The Sunday Paper

Alright, dear readers, you hard-core die-hards:

I made the Sunday LA Daily News Op/Ed page. You can read it here.


Update: It’s a couple of bucks to access an article in the archives. I’ve posted the entire article here for free. (You could always throw a couple of bucks in my PayPal account, just to be cool. Thanks!)

All Elections are Special: Please Don’t Vote

I just received my special election ballot package in the mail. I am an absentee voter. Why? Is it because my rock and roll lifestyle doesn’t permit any kind of commitment? Do I have an unexplainable aversion to places where “I voted” stickers are handed out? Did I choose to have a voting experience comparable to Netflix?

Actually, none of the above. The answer is that I live in a precinct where there are LESS THAN 250 registered voters.

When I first was informed of this, I was stunned. I live in the 6th largest urban area in the world. Right smack dab in the middle of Los Angeles. I was going to say ‘heart of Los Angeles’ but let’s not be silly…what heart? Anyway, to be specific, I live in Echo Park/Silverlake.

Big city, with lots of different people, that speak lots of different languages – with too few stereotypes to go around. When people think of LA, they think gangbanger or buxom blond. Here’s another one: politically apathetic. Someone once said to me that people in LA don’t even know the name of the mayor. I’ve done some research: The mayor is Giuliani or something. Whoever it is – he’s six degrees from Kevin Bacon. Isn’t everyone?

Since I’m not a gangbanger and have never been referred to as ‘buxom’, it takes little for me to seem different. I’m not politically apathetic. I know who the mayor is. Not only am I registered to vote – I know the name of my congressional representative. I’ve even emailed him. Mainly because when you live in Los Angeles, you can never have enough important people IGNORING you.

The sanctity of democracy has been touted in the War on Terror. Our leaders in Washington speak of it as a blanket cure all for political strife. We are spreading democracy. Meaning, we are preemptively attacking sovereign nations so that their citizens will/can vote. Where are our purple fingers in Los Angeles? My figurative inked finger has wagged at those that aren’t registered. “Shame on you. Vote or die! Blahahaha!” My nagging, as with most, has yet to make ONE person decide to go to the polls.

Most politicians will give lip service to this: everyone that is eligible should vote.

You should vote. You should vote for someone who tells you what you should do. You should buy plastic sheeting and duct tape. You shouldn’t smoke, over eat or get an abortion. You should obey the law and love God and country.

The catch-22 of living in a (still) free country is that you CAN choose not to participate in the democratic process and not listen to any of our politicians about how to live your life. Candidly the 2004 Get Out The Vote Campaign became as preachy as the Drug Free America PSAs. The mind-numbing commercials brought my Tivo and I closer than ever.

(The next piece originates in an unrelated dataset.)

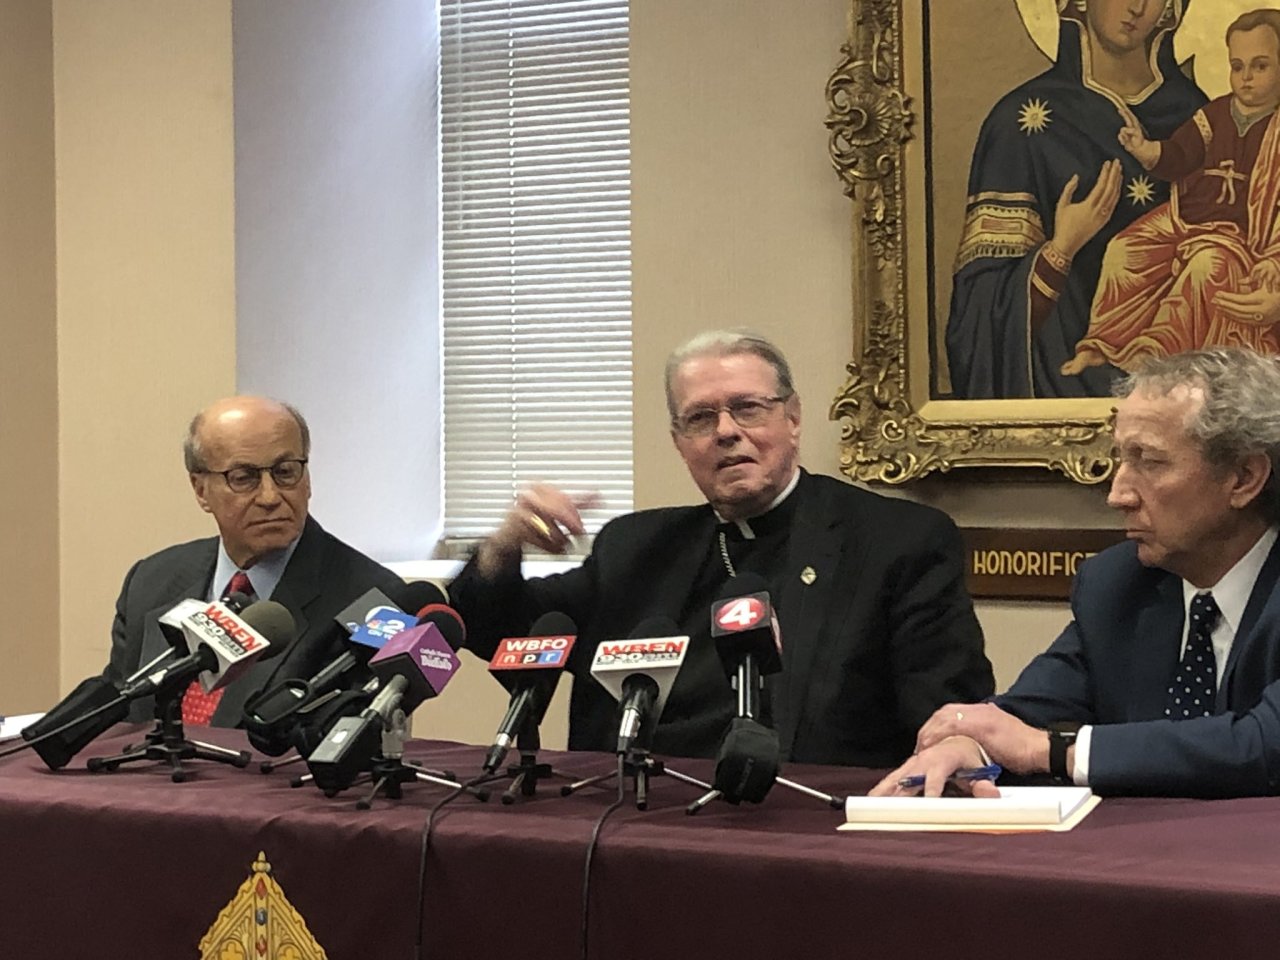 Catholic Archdiocese of Buffalo Files Bankruptcy to AVOID OR DELAY PAYING SEX ABUSE VICTIMS

I stopped my nagging and began re-thinking this issue. Why is it important to get people out to vote? Why is mob rule made to sound so appealing?

When Gray Davis was recalled, the voter lines looked like a premier. People lined up around the block and waited for hours to participate in the event. Huge voter turn out and what happened? Our governor is a movie star.

How embarrassing. California – its Ballot meets Box Office!

Let’s put it this way, if Harriet Miers were a movie star, no one would utter the word “unqualified”. Instead we would all enjoy making puns with the titles of her movies as she got sworn in.

So don’t vote.

You won’t DIE, regardless of what Puffy told you.

You have the right as an American to not participate. You have a stereotype as an Angeleno to live up to. You don’t have to vote. What it means for the process is that instead of mass hysteria – we’ll have fractional hysteria. And the great thing about fractional hysteria is the comfort of blaming low voter turnout.

Don’t ruin that.

7 Comments The Sunday Paper

  1. reverend gisher

    Holy Crap Tina what a rant. I spit frosted flakes on my monitor, but they look kinda cool, rolling down…hold it a flake is blocking mhdgfb post. If I ever need testicles, and I may, do you have an organ donor card yet? I don’t care what you say, I know you are a brain, but you are the best looking lady with testicles I have ever seen. I am so not worthy.